The problem
Would you return, word for word, the lines running from the one with "#nzsummer #festivalphotography #photoshoot" to the final line of the listing below, pictures omitted?

# # #

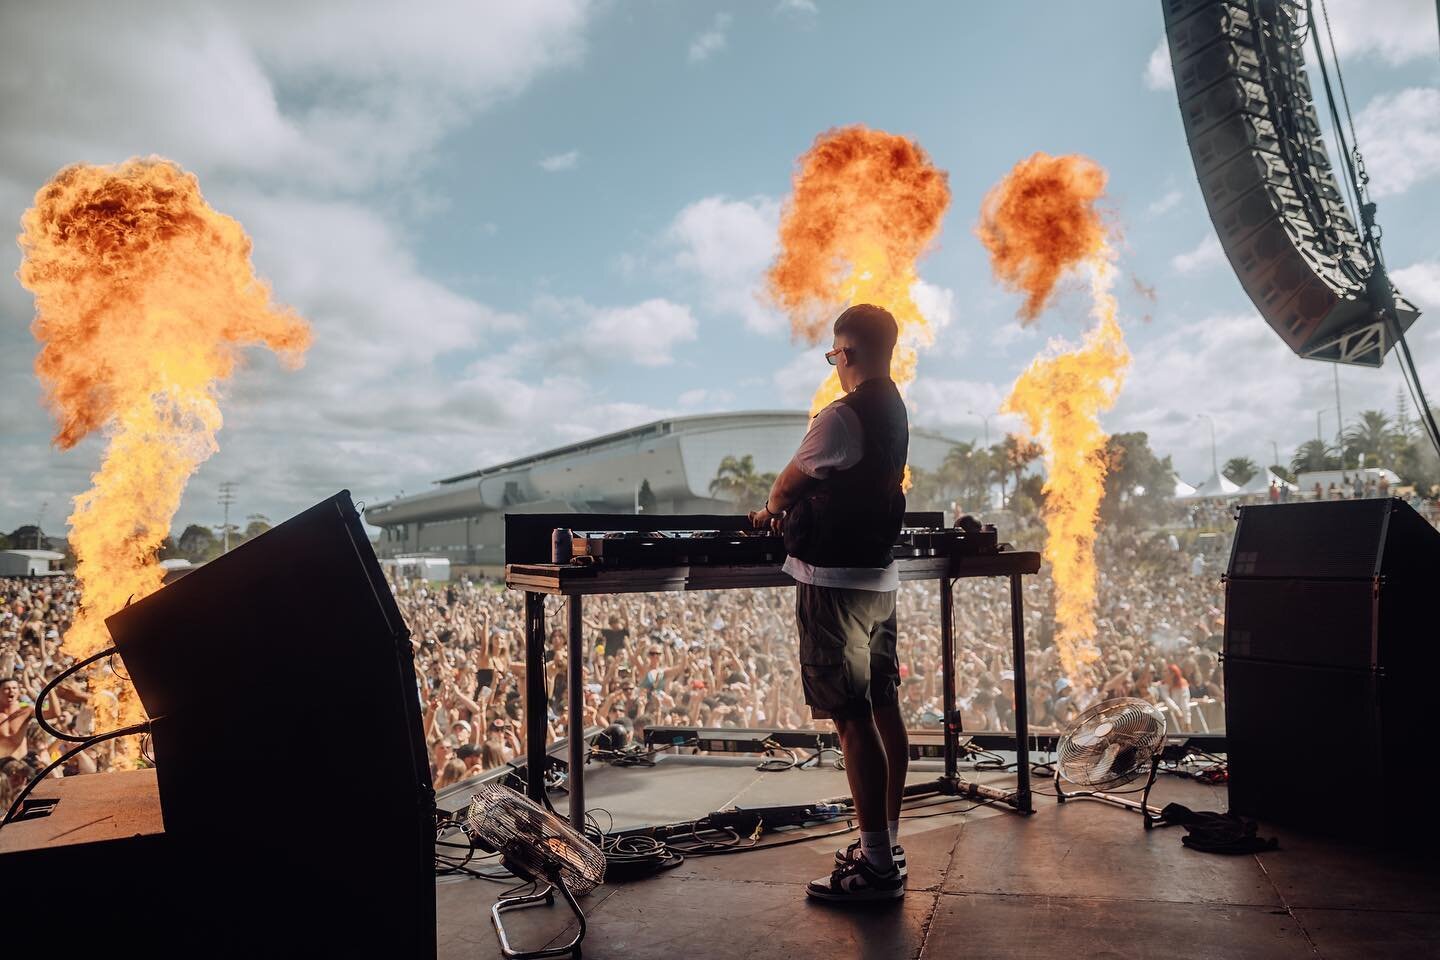 Not even close to a having a Euro summer this year so here is @kmotionzuk at @goldenlightsnz in peak NZ summer, close enough right? 🥴☀️ with @radlab_ 
-
-
-
#nzsummer #festivalphotography #photoshoot #live #concert #festival #livemusic  #concertphot
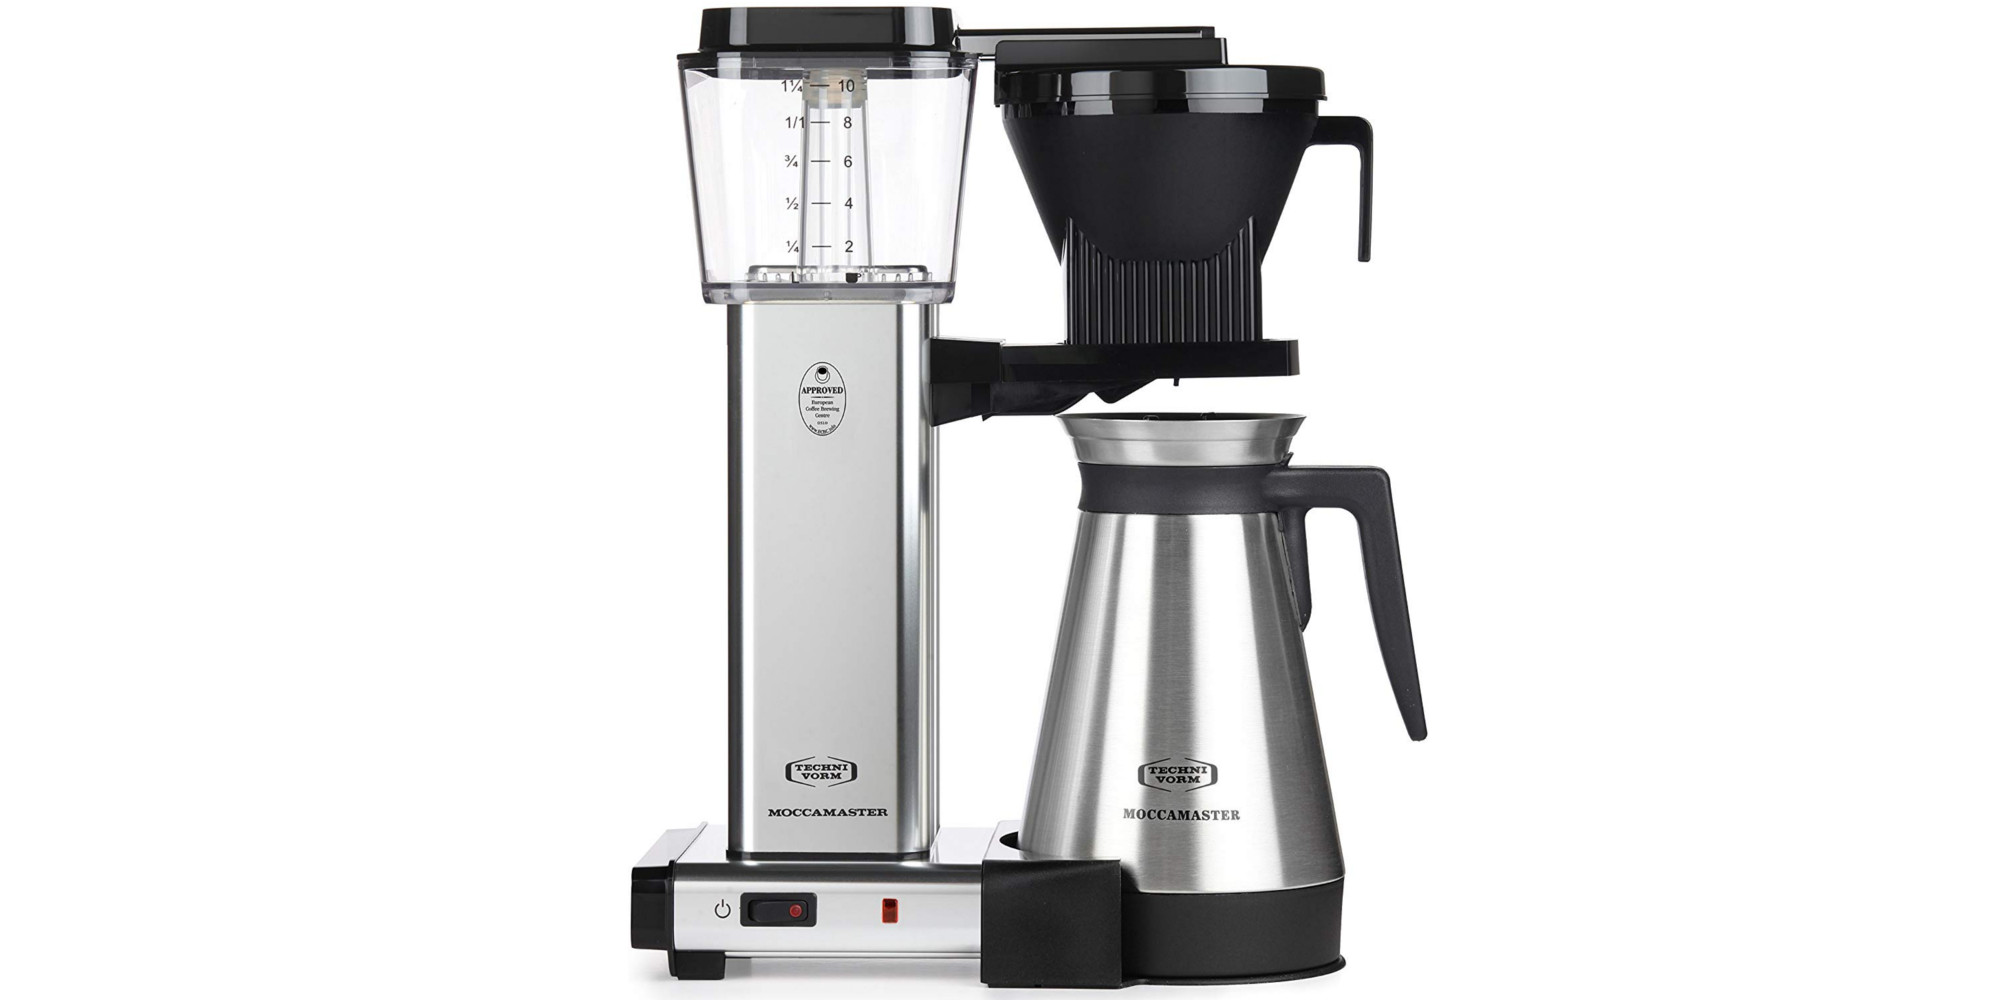 Nearly 65 off Technivorm Moccamaster coffee makers at
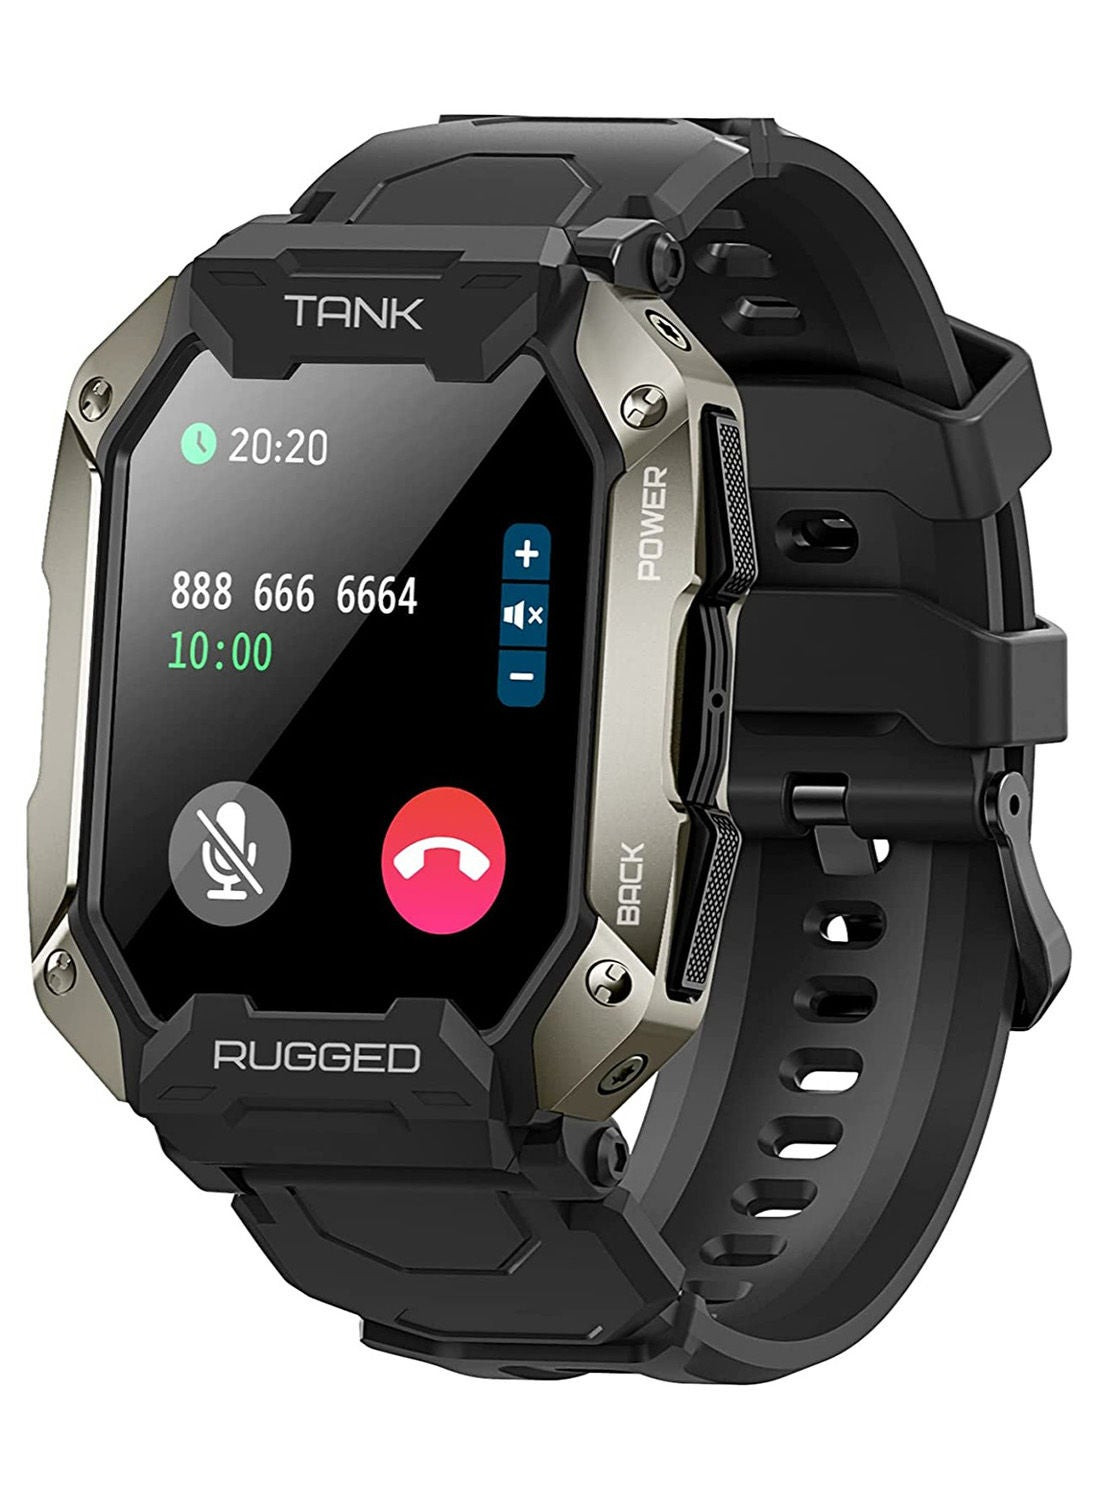 health fitness command, display, OLED notifications tracker, monitor, voice watch, Smart Bluetooth, water-resistant, GPS,

# # #

Exercise response
#nzsummer #festivalphotography #photoshoot #live #concert #festival #livemusic  #concertphot
 Nearly 65 off Technivorm Moccamaster coffee makers at
 health fitness command, display, OLED notifications tracker, monitor, voice watch, Smart Bluetooth, water-resistant, GPS,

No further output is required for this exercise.